Can n8n and AI be used to split a large PDF file into many files based on content?

igrokit · December 11, 2024, 9:02pm

I have a question for you guys.
Let’ say we have scanned a bunch of invoices in one go, resulting in a rather large PDF file of 50 or so pages.
Each invoice is one, two or more pages long. Most invoices are from different companies, but some are from the same.
Let’s say I have 30 invoices in this 50 page file.

Would it be possible for n8n and any kind of AI agent, to split that 50 page file into 30 files, each containing just a single invoice?

I would be very interested in something like that!

Dan

aliasfox · December 12, 2024, 1:46am

I think it could work but you’d need a big context window and likely some sort of RAG. But depending on the format, a dumb script could do this using regex and pattern recognition. No AI needed.

digitalchild · December 12, 2024, 3:16am

You would need to use an external service to split the PDFs. There are a number of API’s you could use for this. ConvertAPI is one such service.

igrokit · December 12, 2024, 9:03pm

I don’t think that splitting the PDF is the main issue.
To know where to split is what is most important…

igrokit · December 12, 2024, 9:12pm

I do not think that a dumb regex/pattern recognition script would be able to do that. Just look at the many different invoices you get personally every month (I assume).

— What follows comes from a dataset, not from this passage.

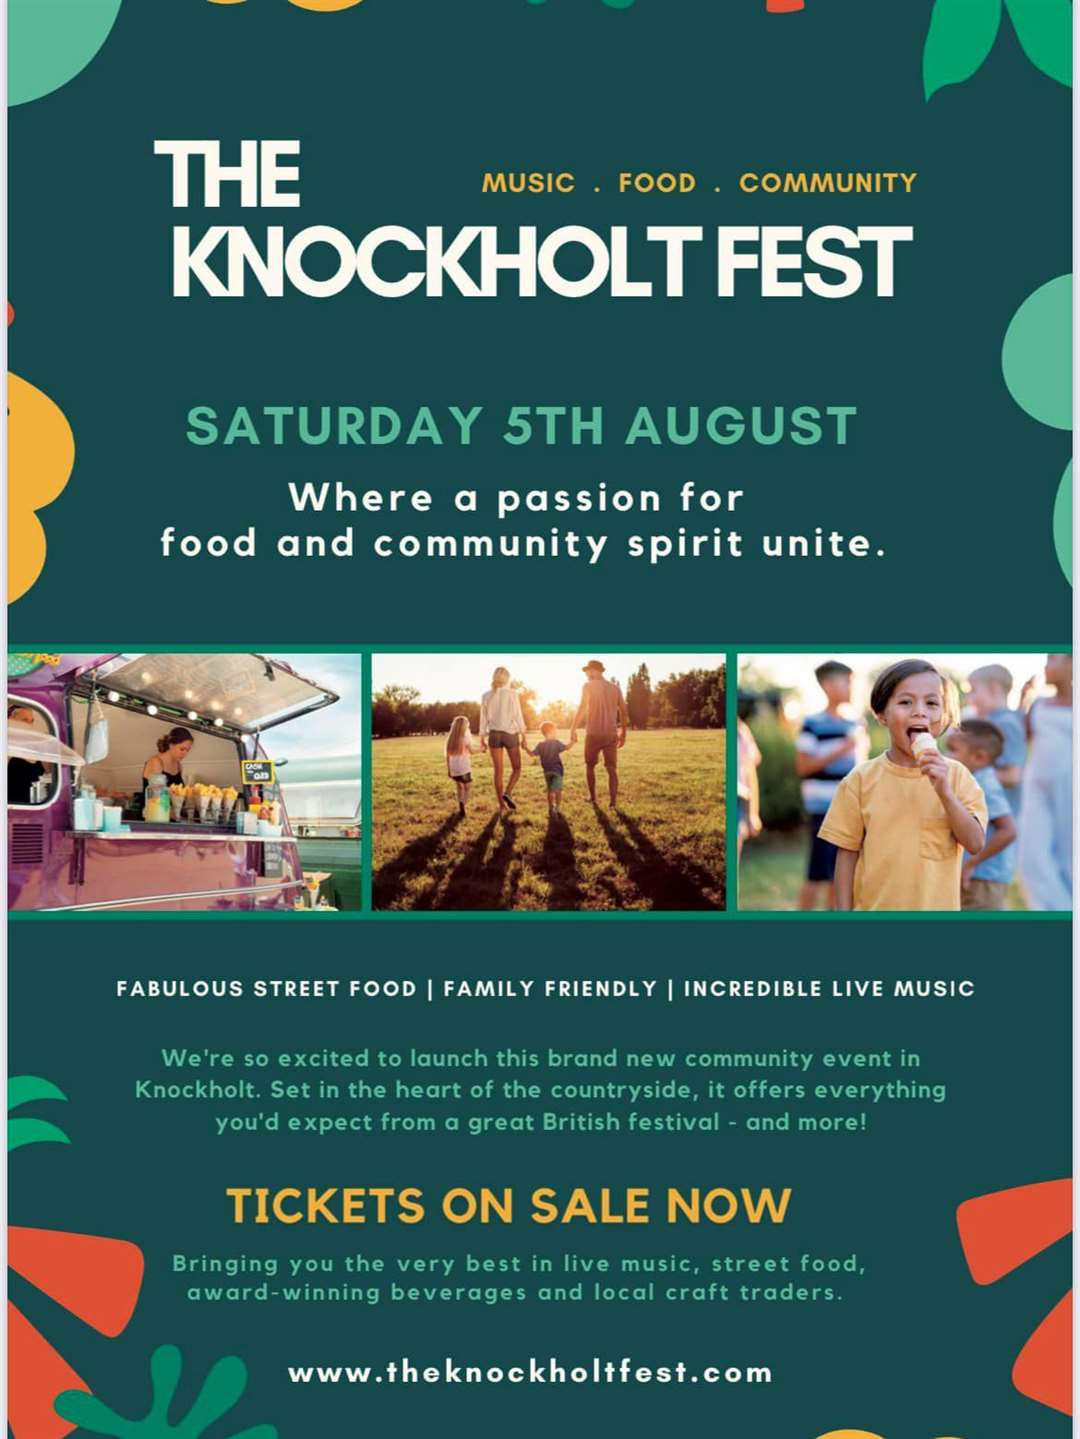 A poster advertising Knockholt Festival which has concerned some residents

I doubth that regex (simple or complex) would manage all those different kind of invoices.

As far as I understand “need a big context window and likely some sort of RAG” (I am a novice, please bear with me), this would mean I would have to prepare the large document with OCR, then feed the text into a RAG that would recognize from the invoice text when a new invoice starts.

Yeah, that’s exactly what I thought it would have to be.

But I hoped to get some more detailed help. Like how which tools and steps that would need within n8n.

I guess it needs a model that can cope with 50 pages of (invoice-type) text and some sort of memory that goes along with it. Then some ai tools to do the work…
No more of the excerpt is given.